High-performance long-term memory for AI agents — production-grade pipeline with semantic compression, lifecycle reconciliation, full CRUD, hybrid retrieval, and persistent vector storage, written in Rust.
meme implements a production-grade memory pipeline with a Rust core: (1) Semantic Structured Compression extracts lossless, disambiguated memory entries from dialogues or raw facts via LLM, (2) Lifecycle Reconciliation deduplicates and manages ADD/UPDATE/DELETE/NOOP via LLM-driven conflict resolution at write time, and (3) Intent-Aware Retrieval Planning combines semantic, lexical (FTS), and structured metadata search with LLM-driven reflection.

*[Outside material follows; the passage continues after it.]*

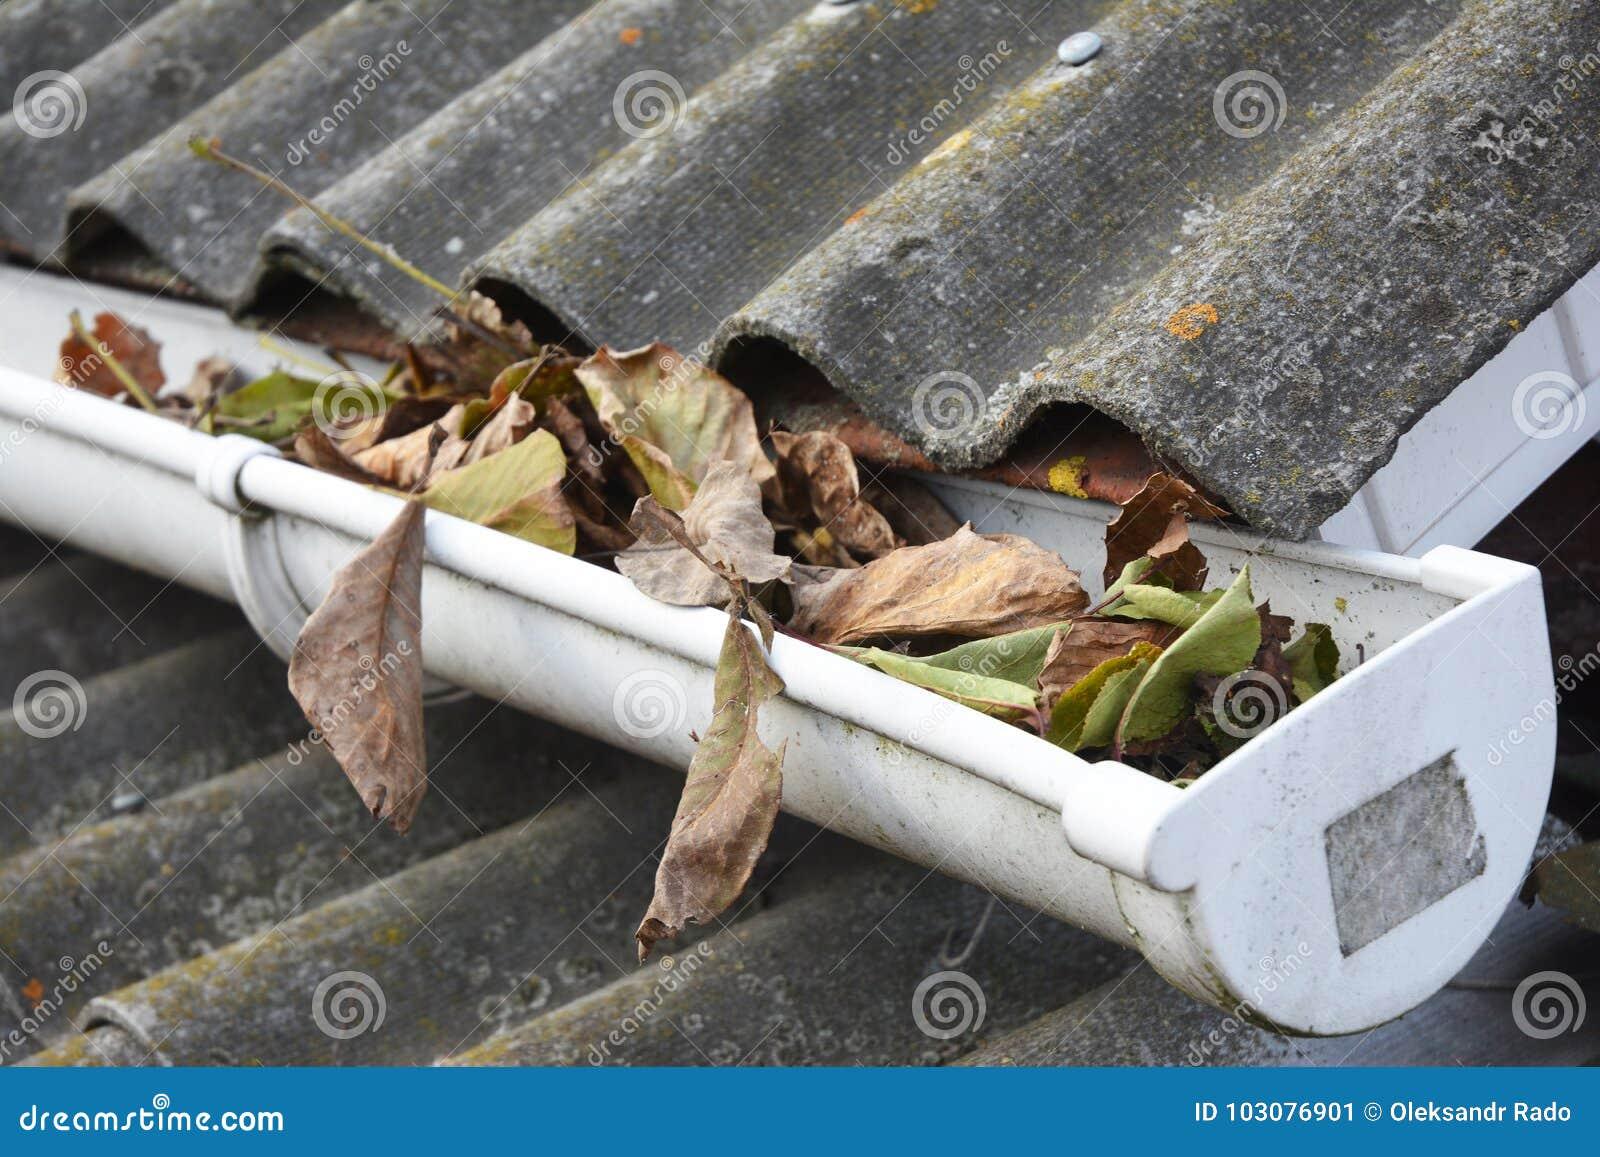 Dakgoot het Schoonmaken van Bladeren in de Herfst Maak Uw Goten schoon alvorens zij Uw Portefeuille leeghalen Dakgoot het Schoonm

Memory is stored persistently on disk via LanceDB with full change history tracking.
Shell (macOS / Linux):
curl -fsSL https://sh.qntx.fun/meme | shPowerShell (Windows):
irm https://sh.qntx.fun/meme/ps | iex# Initialize configuration
meme init
# Add dialogues
meme add -s Alice "I'll be in Tokyo next Monday for the conference."
meme add -s Bob "Let's meet at Shibuya station at 3pm."
# Add raw facts (no speaker needed)
meme add "Alice prefers coffee over tea"
# Import from JSONL file
meme add --file conversation.jsonl
# Ask questions
meme ask "Where will Alice and Bob meet?"
# Semantic search
meme search "Alice travel plans"
# CRUD operations
meme get <uuid>
meme update <uuid> "Updated content here"
meme delete <uuid>
# View change history
meme history <uuid>
# List stored memories
meme list
meme list --json --limit 50
# Export / import
meme export -o memories.json
meme import memories.jsonuse meme::MemeBuilder;
let meme = MemeBuilder::new()
.api_key("sk-...")
.model("gpt-4.1-mini")
.build()
.await?;
// Dialogue-based ingestion — automatically extracted into structured memory entries.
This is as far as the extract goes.